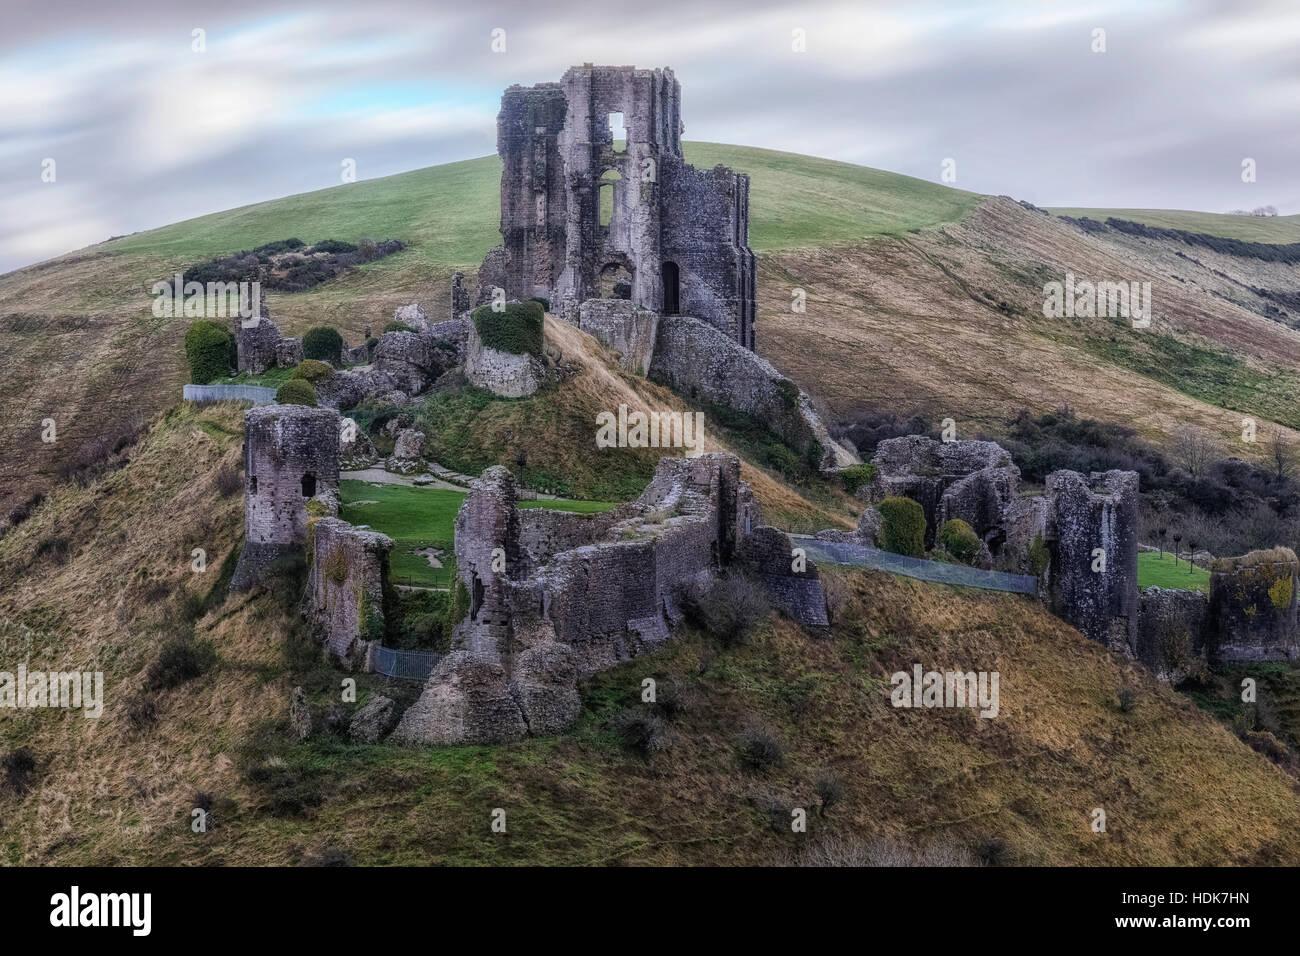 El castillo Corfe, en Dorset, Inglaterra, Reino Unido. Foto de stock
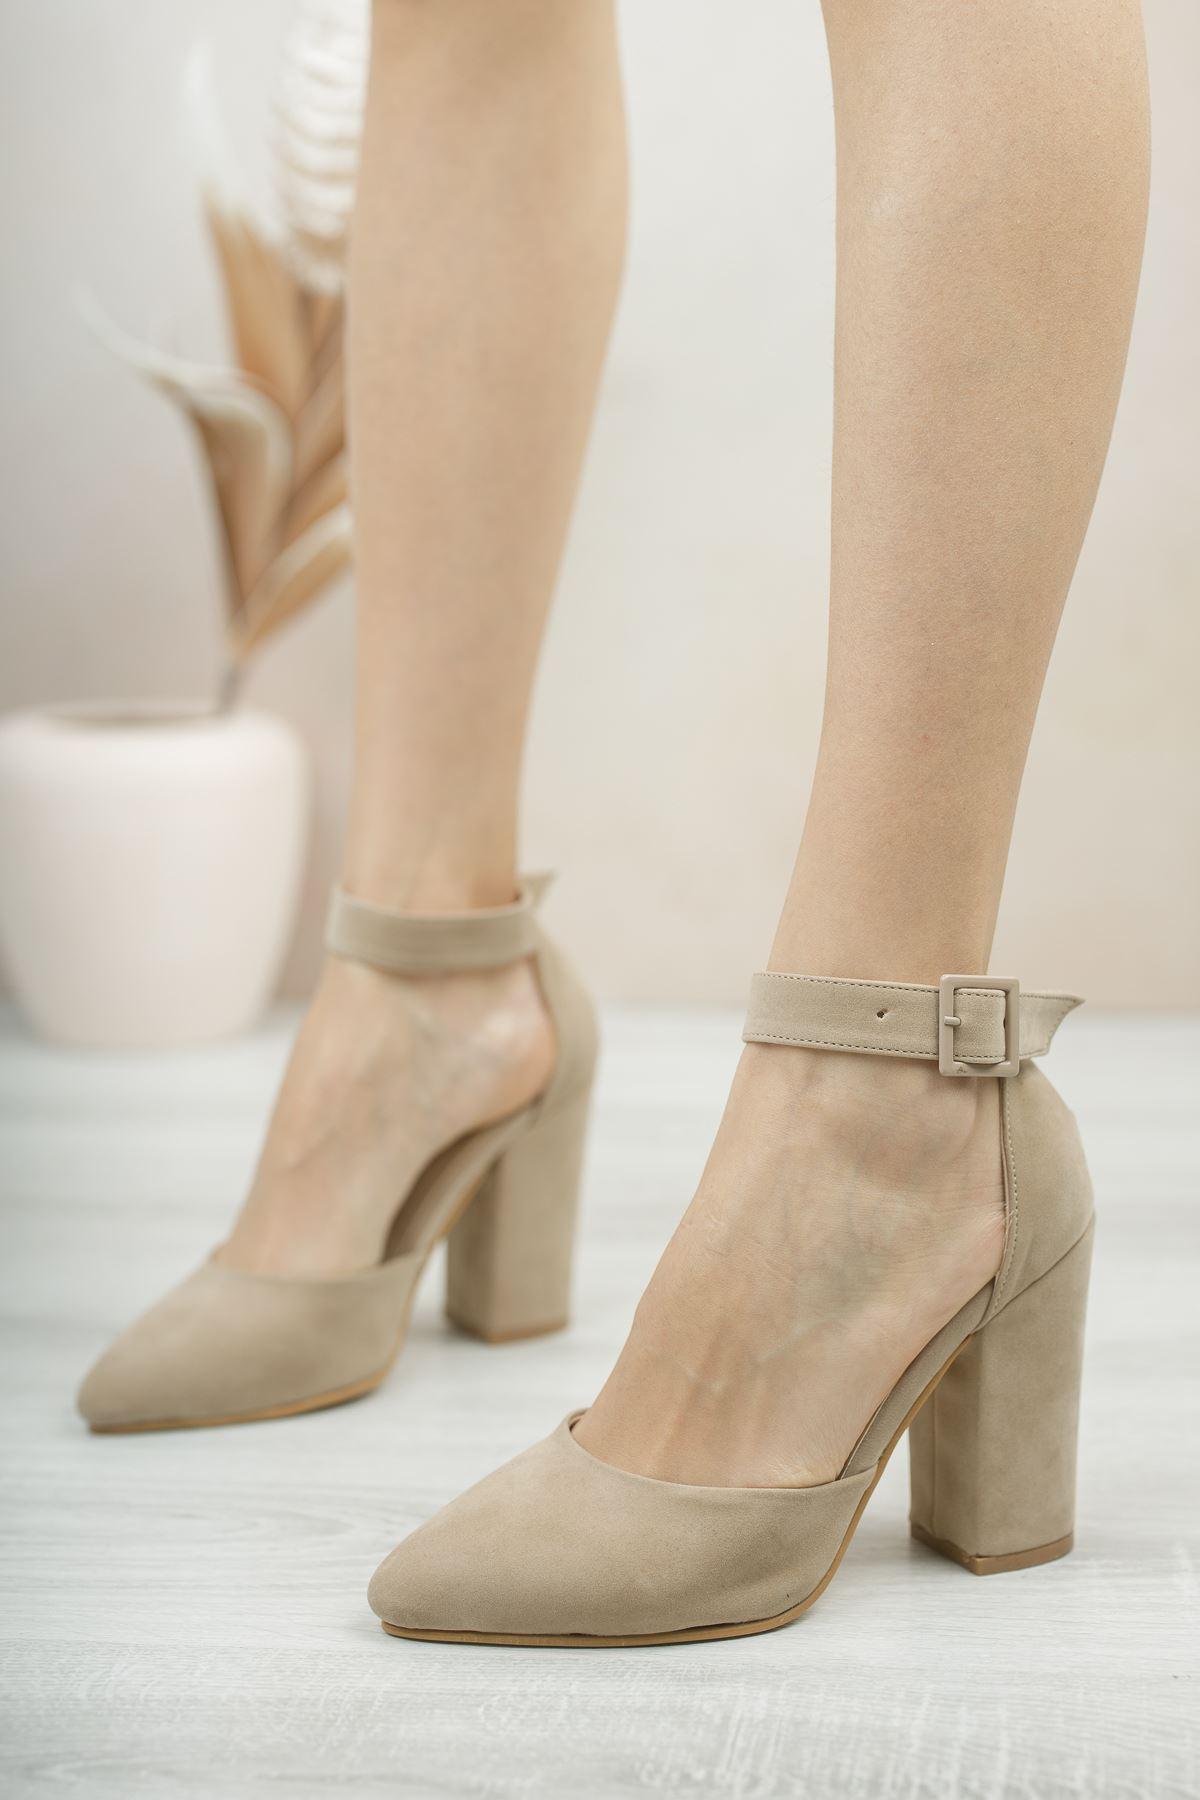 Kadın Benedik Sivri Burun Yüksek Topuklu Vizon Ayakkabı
---
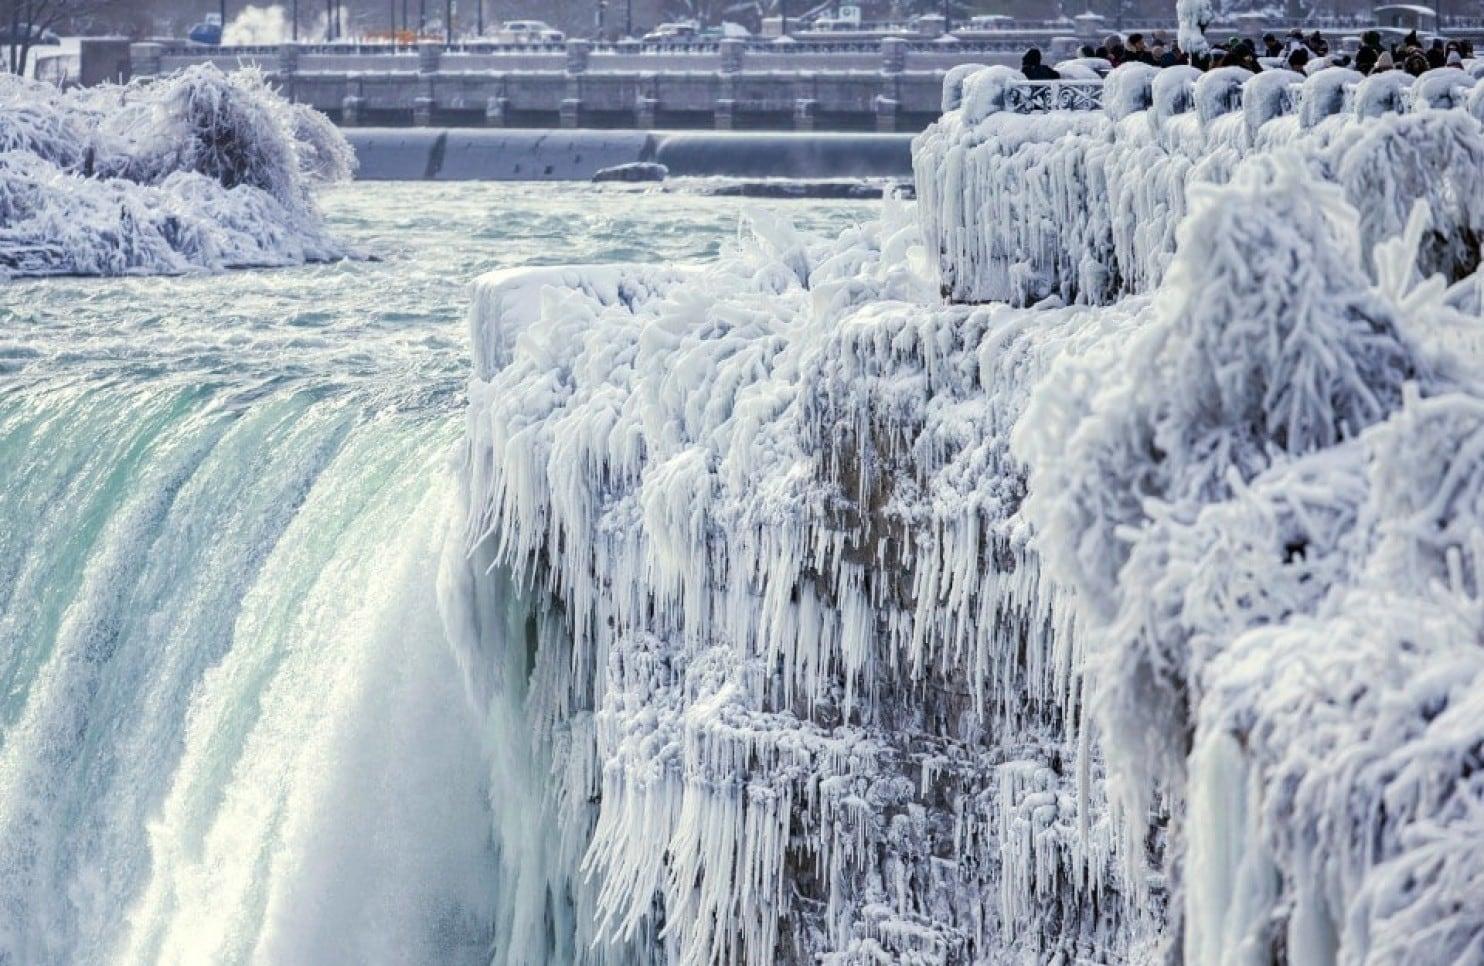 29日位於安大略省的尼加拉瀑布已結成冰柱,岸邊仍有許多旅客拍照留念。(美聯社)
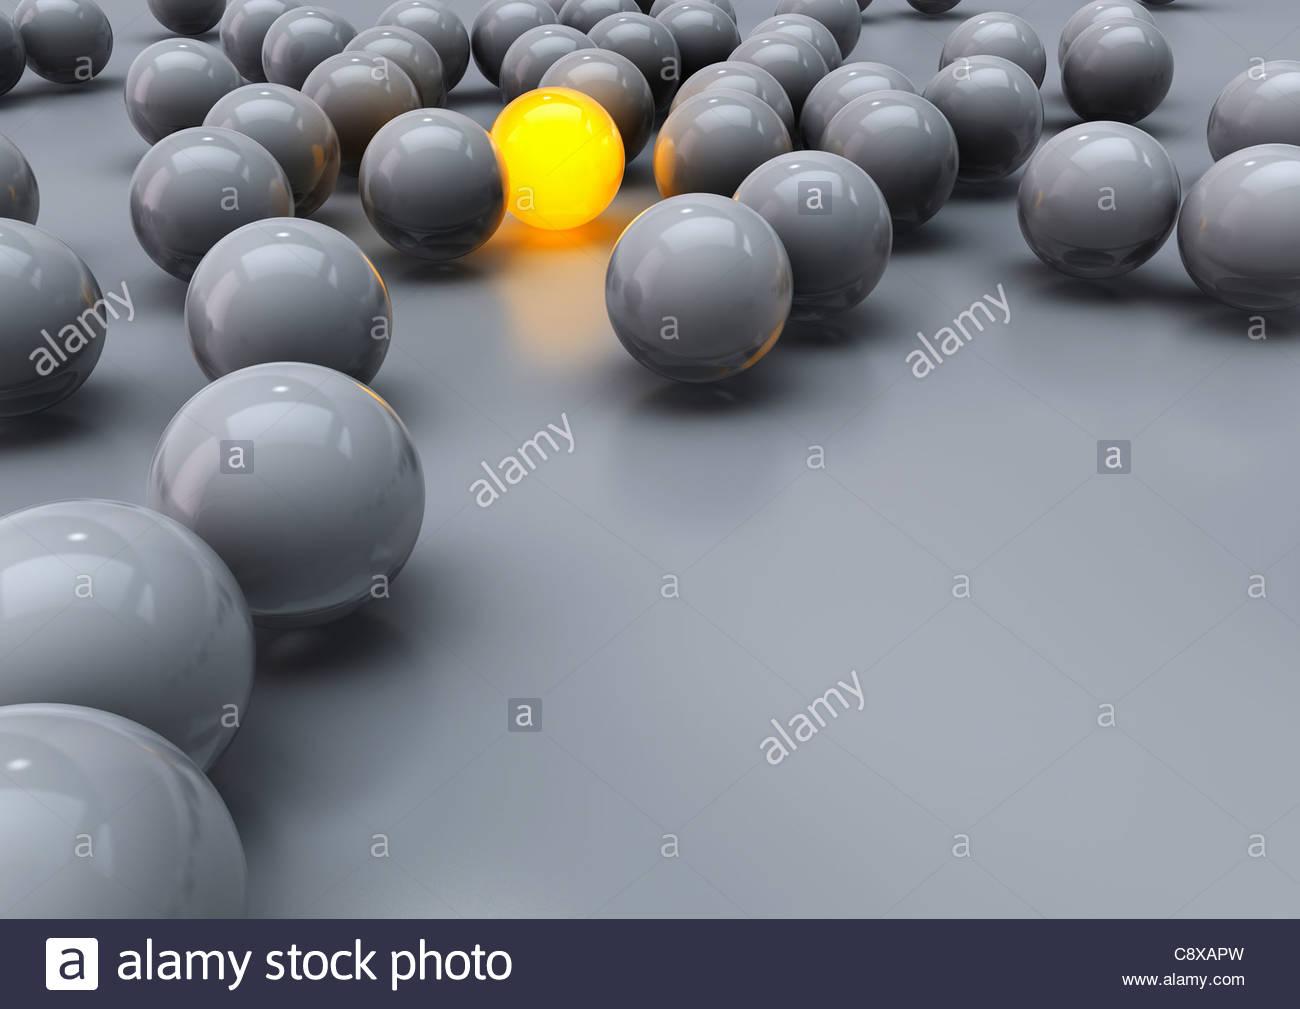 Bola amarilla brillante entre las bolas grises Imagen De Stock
---
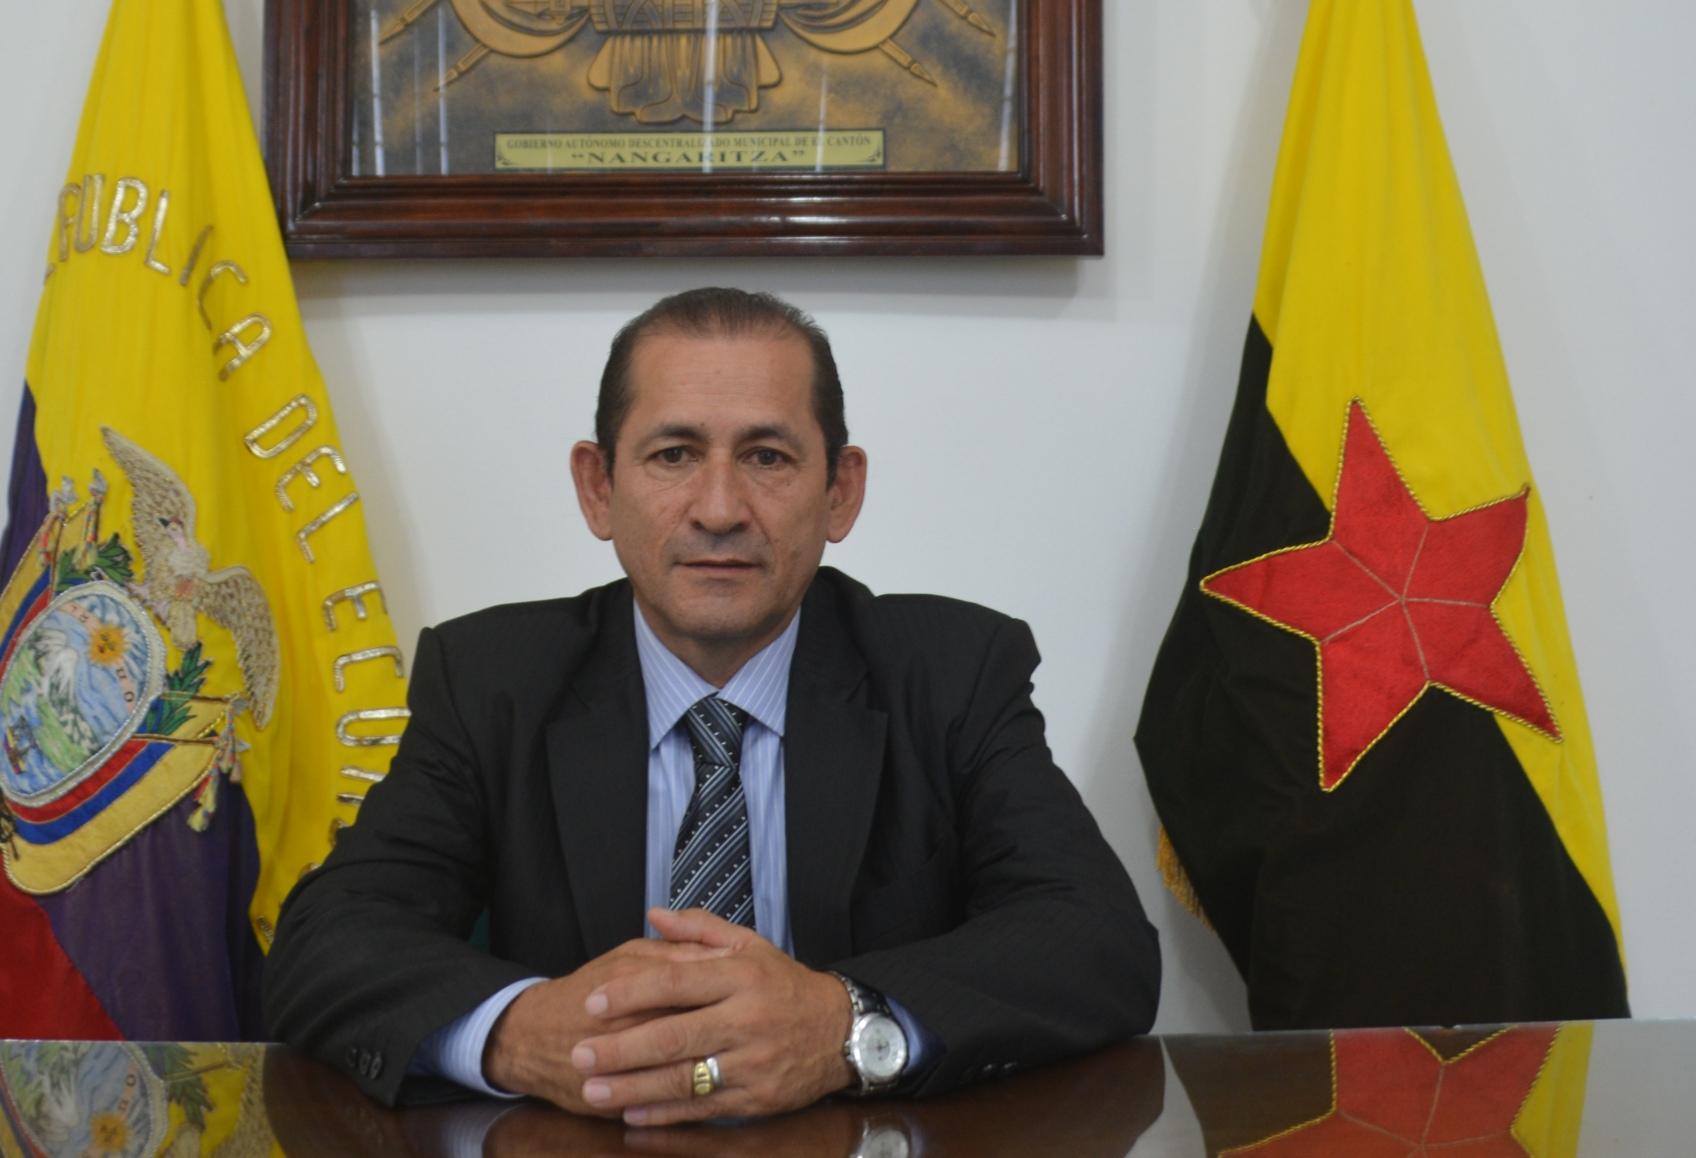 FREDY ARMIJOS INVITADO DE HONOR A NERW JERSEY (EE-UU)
---
> Exercise
Quote word for word only the lines above from the one containing "29日位於安大略省的尼加拉瀑布已結成冰柱,岸邊仍有許多旅客拍照留念。(美聯社)" through the one containing "Bola amarilla brillante". Pictures stay out of your copy.

> Response box
 29日位於安大略省的尼加拉瀑布已結成冰柱,岸邊仍有許多旅客拍照留念。(美聯社)
 Bola amarilla brillante entre las bolas grises Imagen De Stock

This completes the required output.